On the client side they've paid to a known, public address. Now let's imagine that the next customer is a member of antifa or the proud boys or some other socially objectionable group and they blab about it on social media.
Now this public bitcoin address is known more publicly and anyone doing blockchain surveillance can say (whether true or not) that everyone contributing to this address is also a member of said objectionable group.
Anyone with a brain can say this is absurd, but that doesn't stop the outrage mob and we all know it. It also provides an anchor from which to track back all inputs to this address and attempt to dox those customers.
In short, using a single address is bad for customer privacy.
Conversely, with BTCPay you have individual addresses for each transaction and BTCPay connects that transaction to the invoice on your commerce platform. In fact it will monitor and send you an alert when your customizable preferred amount of confirmations have been reached.

Data Retention (or Not)

Lastly, BTCPay combined with WooCommerce has another privacy feature that is probably underutilized, but has incredible potential. You can set how long the database retains customer information. This means you can choose to erase your customers' info after 30 days, after 7 days, or whenever it has arrived if you use order tracking.
This means that if some enterprising "hacktivist" or government agency abusing their power compromises your database, they have only the "in process" orders to work with, not your entire client history.
The downside to this is that once the customer's info has been dumped there's not much available in the way of proof for customer support. I recognize this is difficult for some people to accept, but it's a tradeoff. I also believe that there will be someone clever who comes up with a way around that in the future.
Unfortunately there isn't much you can do to prove to your customers that you've dumped their info. I have a proposal on this but you'll have to read through the rest of the article (or jump to the bottom) for that.

Mail

Okay so you've got a web store set up with Wordpress, WooCommerce and BTCPay server and the orders are rolling in. Now you need to ship your products. As much as I dislike USPS for their slow, inconsistent results and their monopoly on residential mail, they are usually the cheapest option in the U.S. so that's what I'll discuss here.
However there are plenty of third party processors out there that will let you order labels, etc. right from your Wordpress instance and then just drop the product in the mail instead of walking in to the post office. Unfortunately I haven't found any that will accept Bitcoin anonymously yet.
If you know of one, let me know so I can check them out!
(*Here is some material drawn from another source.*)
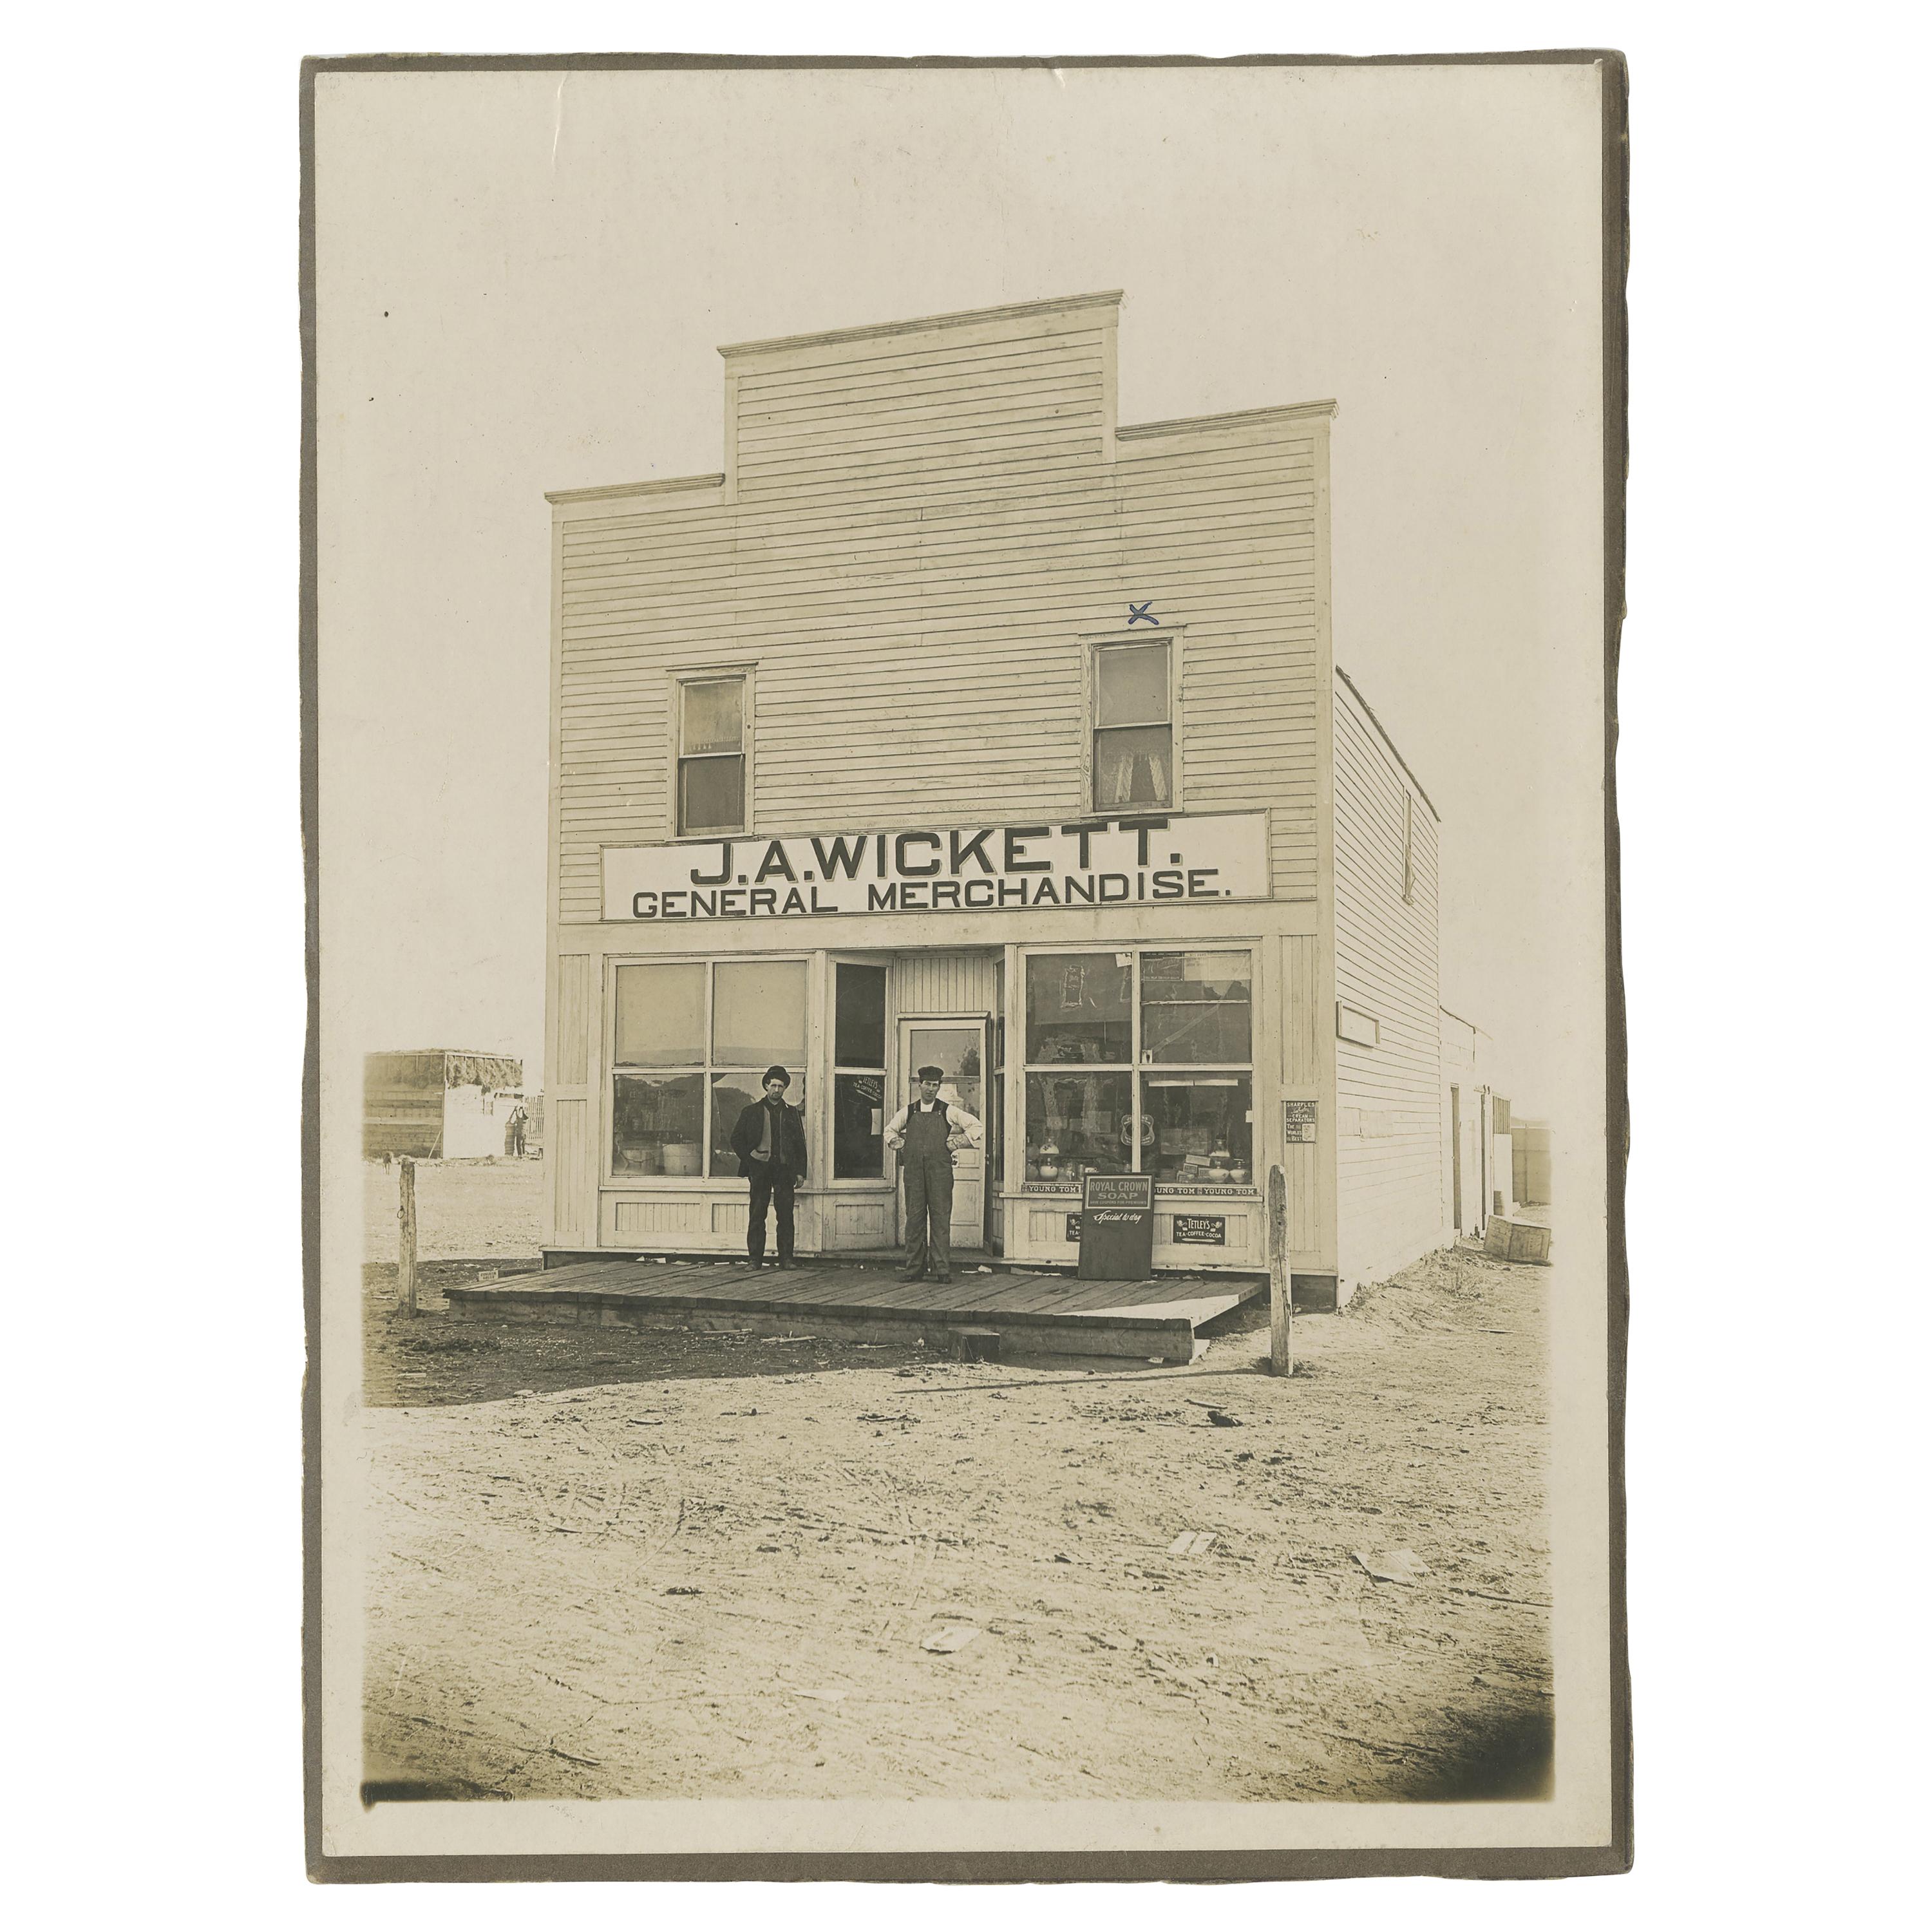 Antique Silverprint of Two Men in Front of Merchandise Store 'J.A. Wickett' For Sale

I highly recommend having a PO Box for your company so your home address isn't attached to anything. At least in the U.S. you will be required to have a government ID to open a PO Box.
However once it has been created, you can add additional people who are authorized to pick up mail from your box. Here's the great thing, you should be able to add a pseudonym like "John Smith" as an authorized person and then simply give out "John Smith at PO Box 123" as the address for all of your business needs. You don't need to list your business' name or yours.
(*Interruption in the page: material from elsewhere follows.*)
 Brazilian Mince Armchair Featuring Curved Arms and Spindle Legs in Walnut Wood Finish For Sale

In my experience though, if you don't add this authorized person, any mail to John Smith will get kicked back to the sender. When you send your packages, you'll have to decide whether or not you want to make use of tracking. If you're shipping the same thing with a low monetary value and consistent weight, you could just slap the right number of stamps on it and drop it in a mail box (again, assuming USPS).
If you have a higher value item though, you'll probably want tracking on it. At least your customers will. If you choose tracking, you'll have to either physically go in to the post office, which is about as pleasant as the DMV, or pick a shipping service as mentioned above that lets you buy paid labels.
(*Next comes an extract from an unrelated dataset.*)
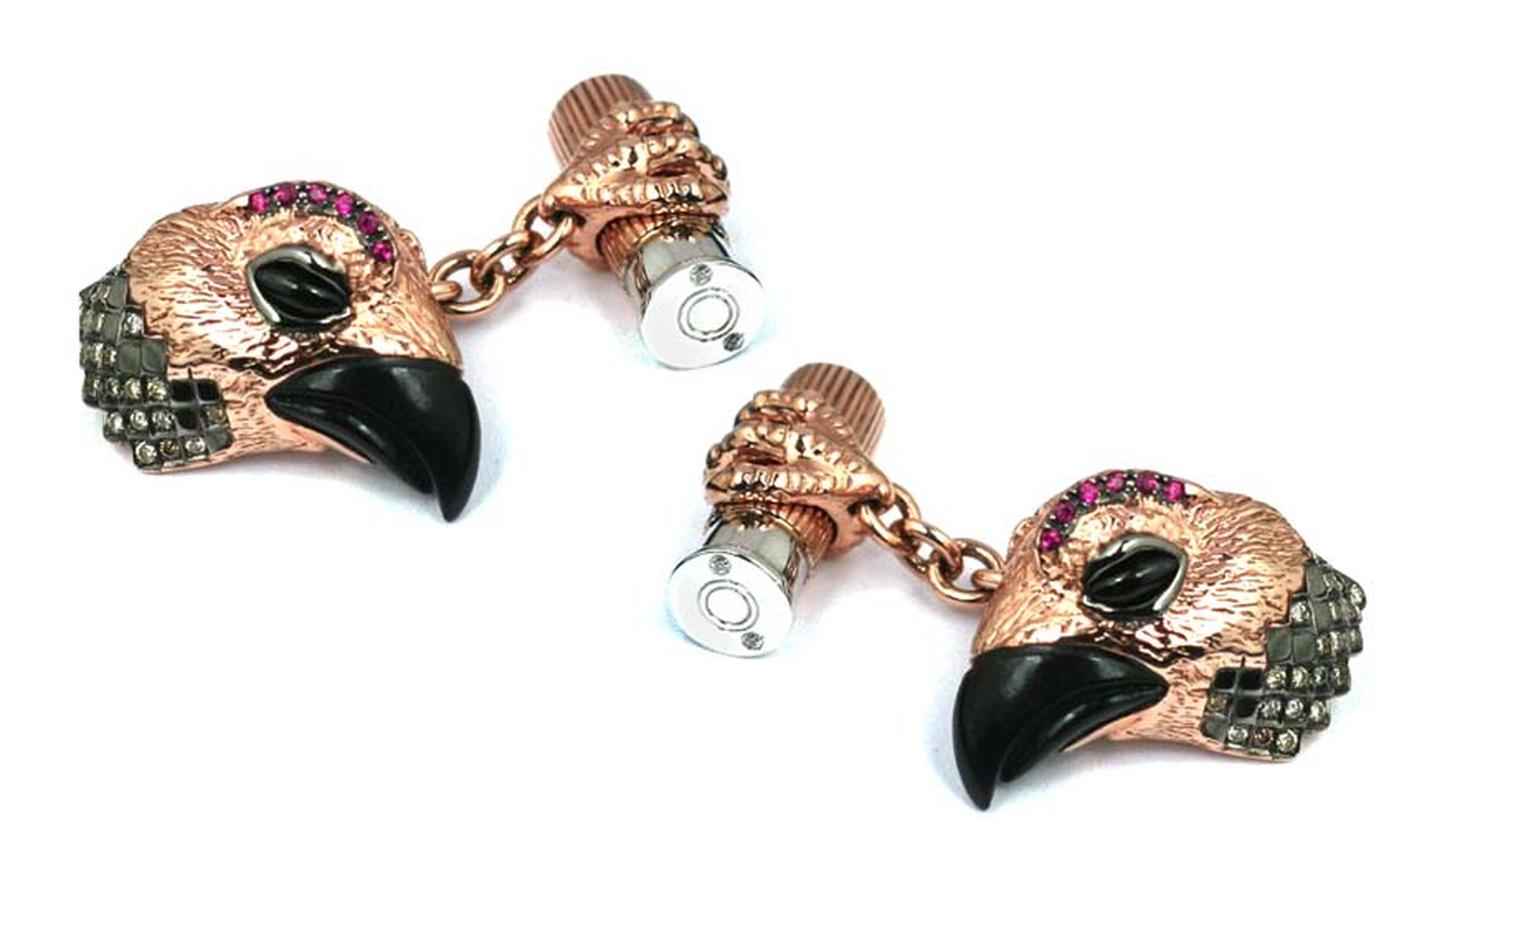 Tomasz Donocik Grouse cufflinks in rose gold with star diopside, black onyx, rubies and brown diamonds (£18,000)

If paying for labels, I recommend using prepaid Visa gift cards or similar, bought with cash at local stores.
Now for the packaging. Conventional business practices would recommend that you make your packaging part of the experience. You know when you see a package at your door whether or not it came from Amazon.
They've even turned it into its own form of advertising, which is great when you don't care if people know what it is. However that's not our goal here. If you're going for privacy, keep it low key.
Boring, simple boxes and tape. Nothing to draw attention to yourself or your customer. The reality is that USPS doesn't scan every package, they don't have the time or manpower to do that.
But if you put "we sell gun parts!!! Pew! Pew!" on your box, then don't be surprised if they start scanning your stuff periodically. Also, since you have a pseudonym and a PO Box, if you need to list a return address, use those instead of your business name.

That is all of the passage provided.